:: Provided material ::

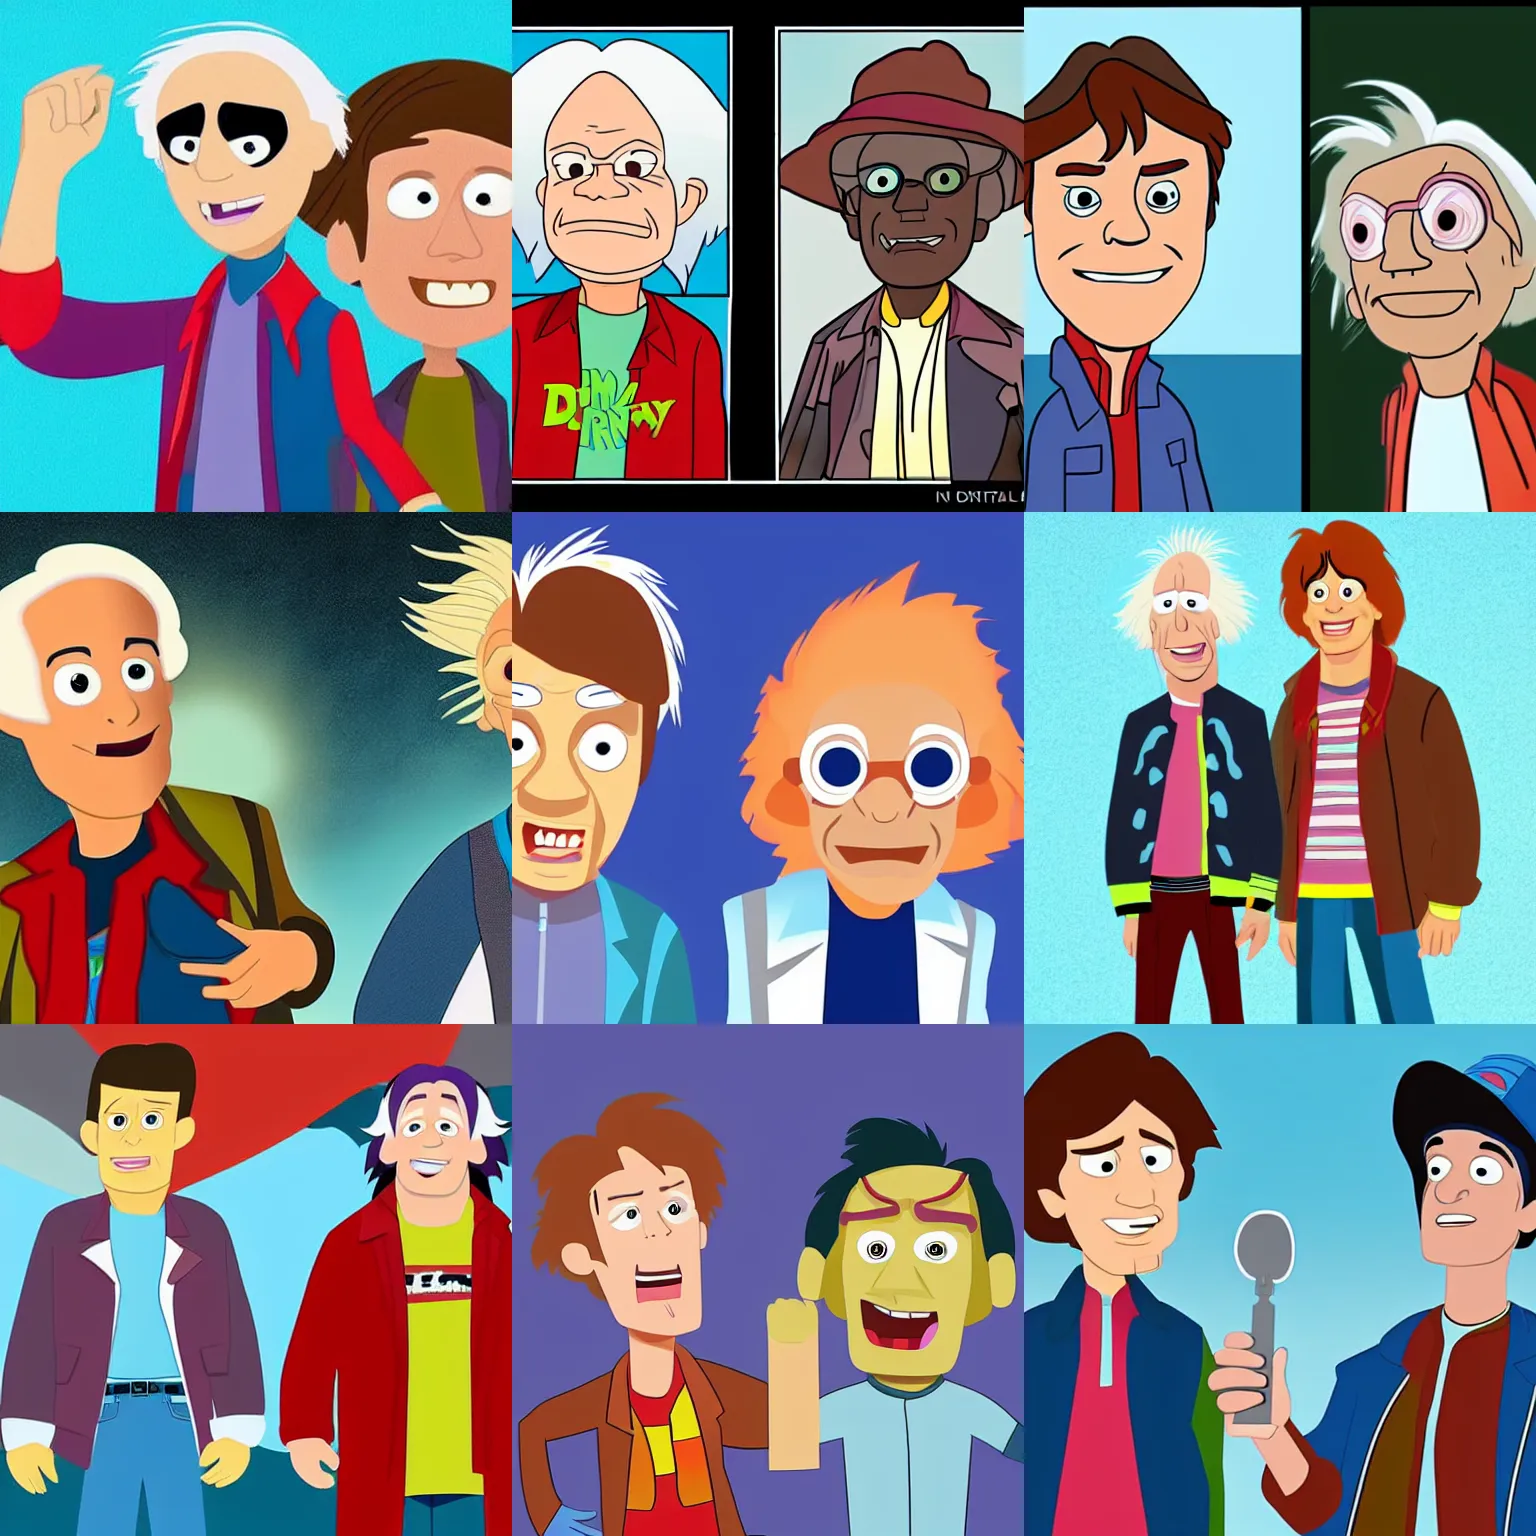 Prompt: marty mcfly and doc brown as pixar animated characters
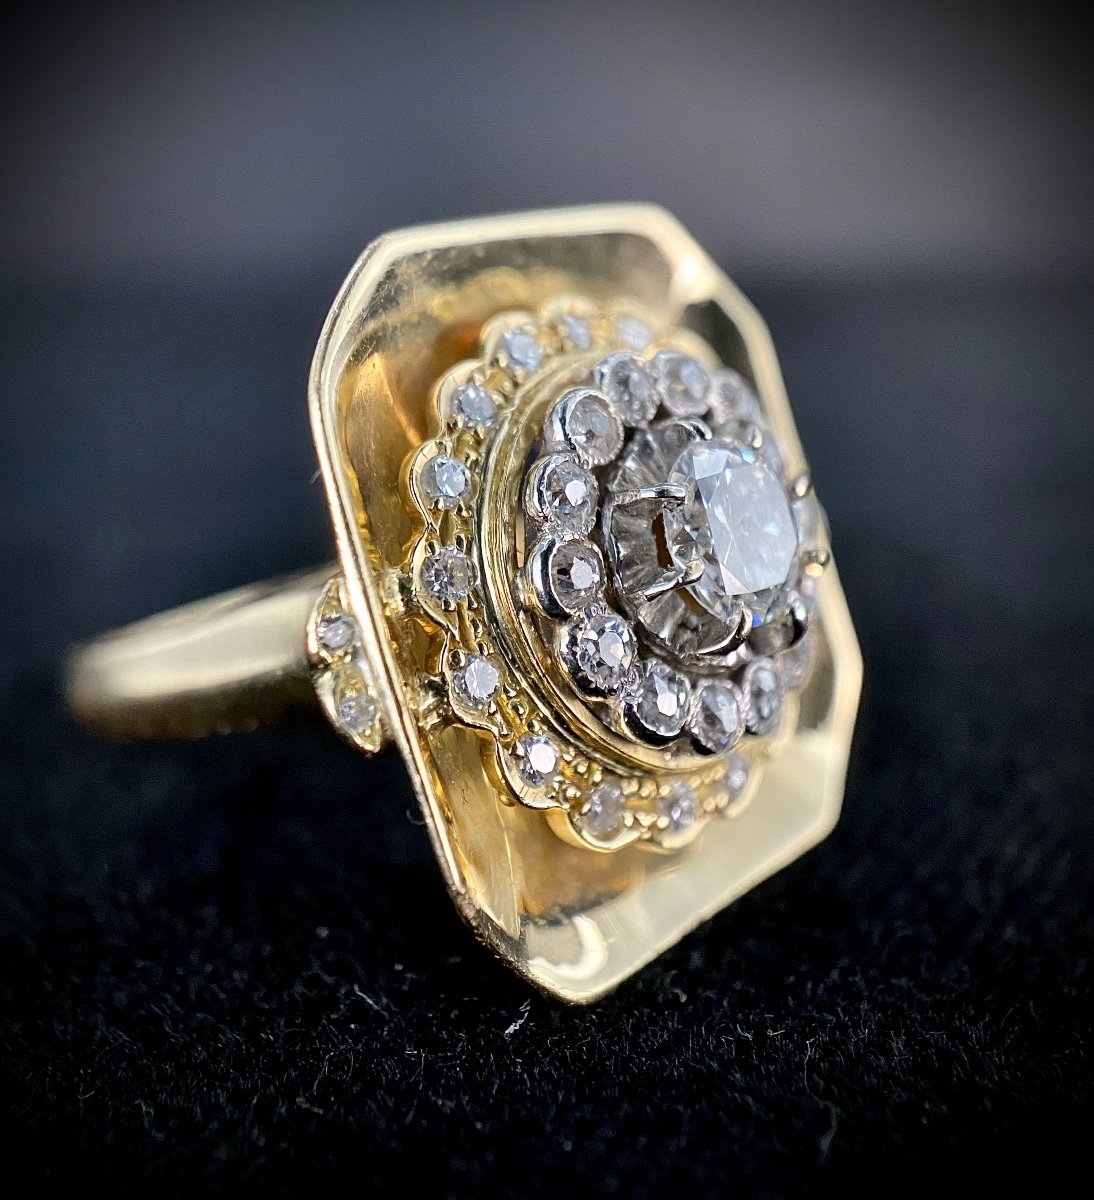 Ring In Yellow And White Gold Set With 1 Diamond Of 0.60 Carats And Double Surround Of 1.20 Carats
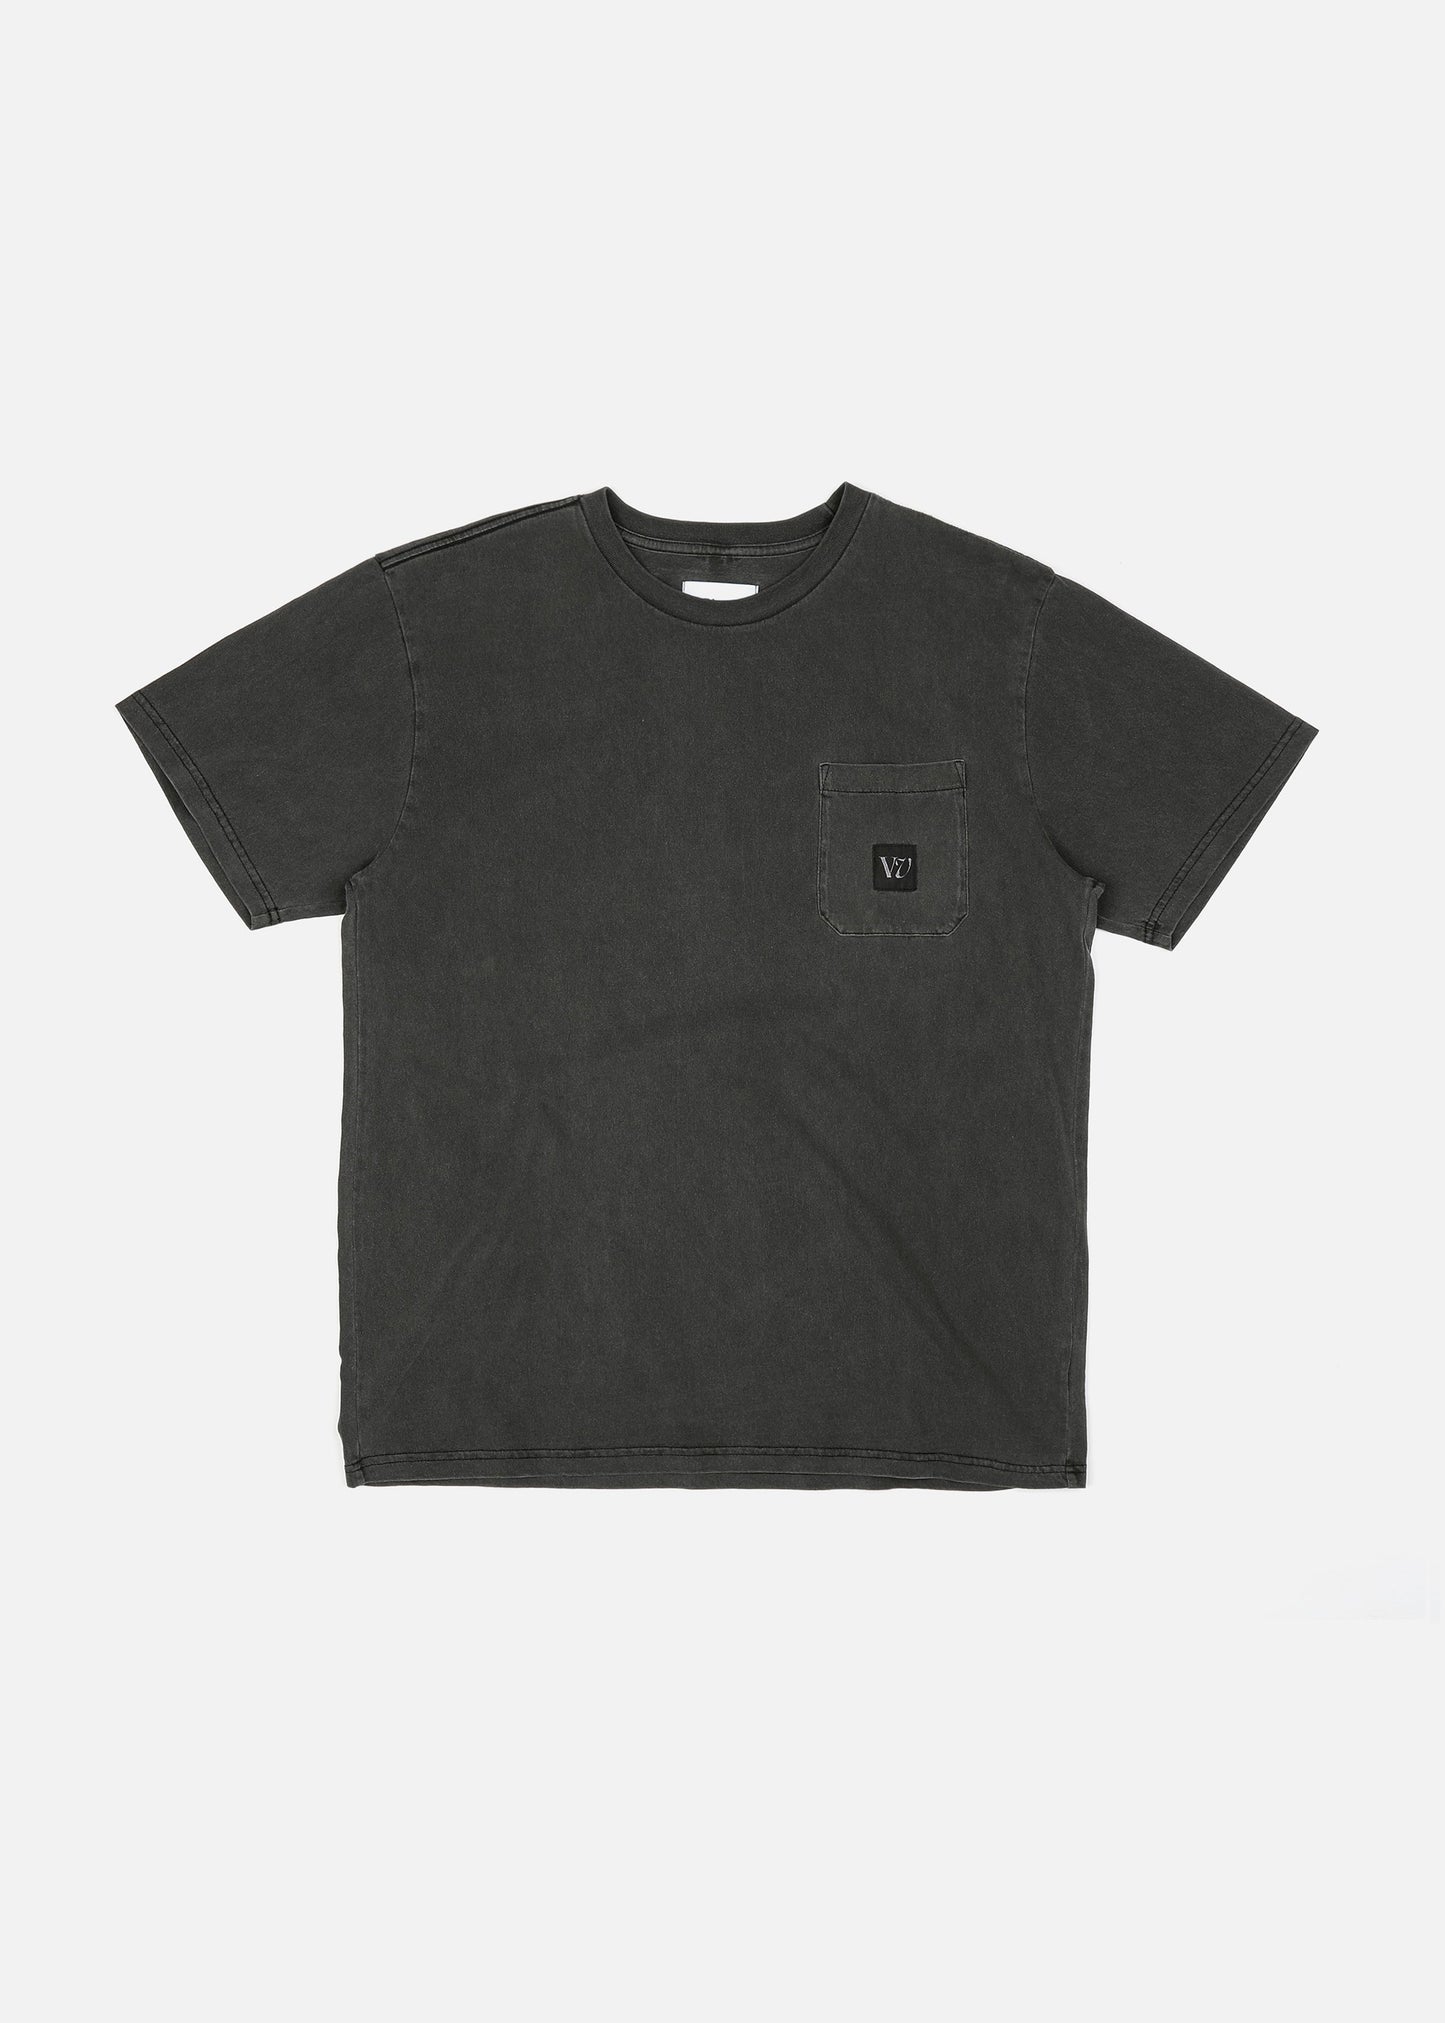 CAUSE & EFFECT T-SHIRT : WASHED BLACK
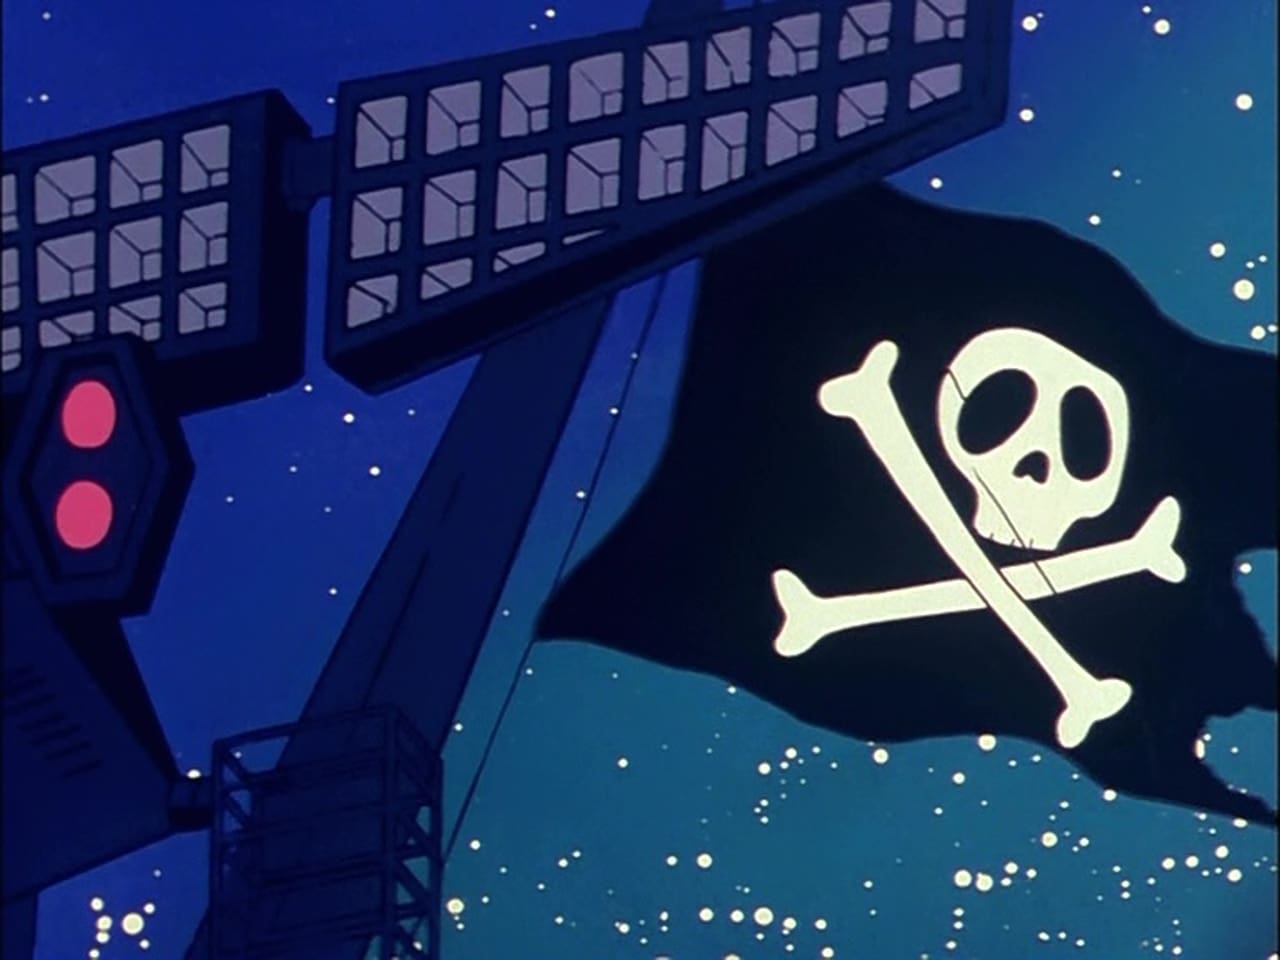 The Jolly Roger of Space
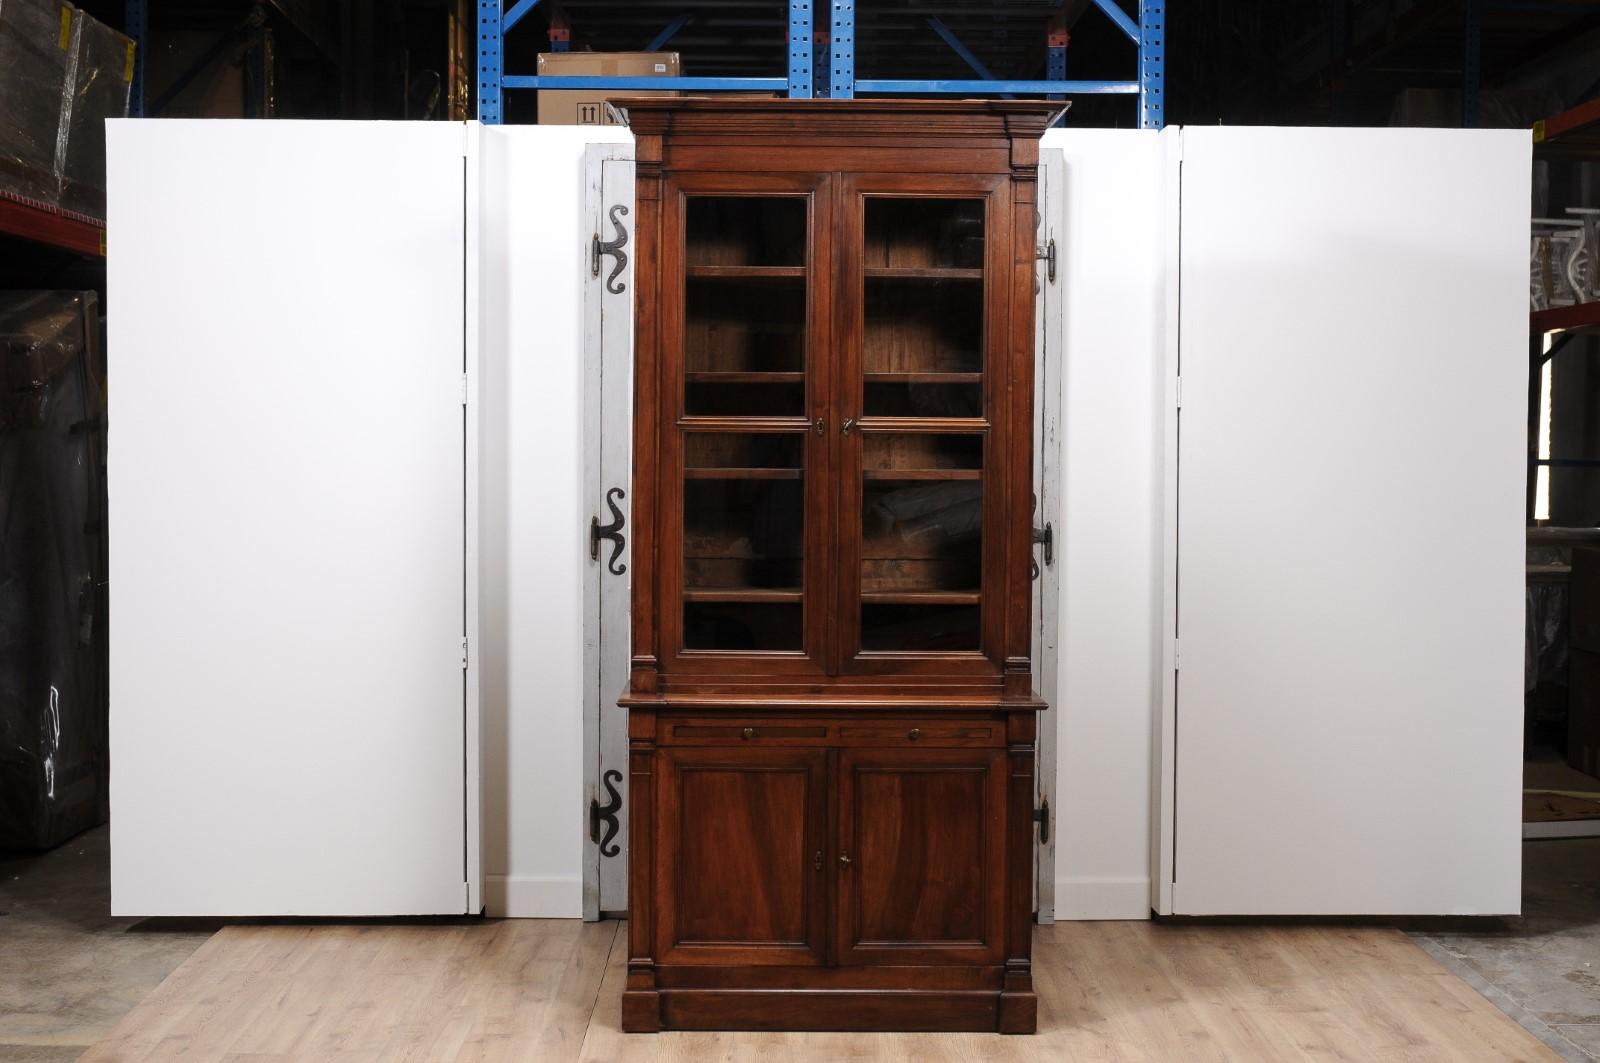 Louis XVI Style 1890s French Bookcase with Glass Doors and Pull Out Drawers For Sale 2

:::

[What the task asks] Word for word, restate the lines above from the first through the one that contains "The Jolly Roger of Space", and exclude all pictures.

[Task response]
 Prompt: marty mcfly and doc brown as pixar animated characters
 Ring In Yellow And White Gold Set With 1 Diamond Of 0.60 Carats And Double Surround Of 1.20 Carats
 CAUSE & EFFECT T-SHIRT : WASHED BLACK
 The Jolly Roger of Space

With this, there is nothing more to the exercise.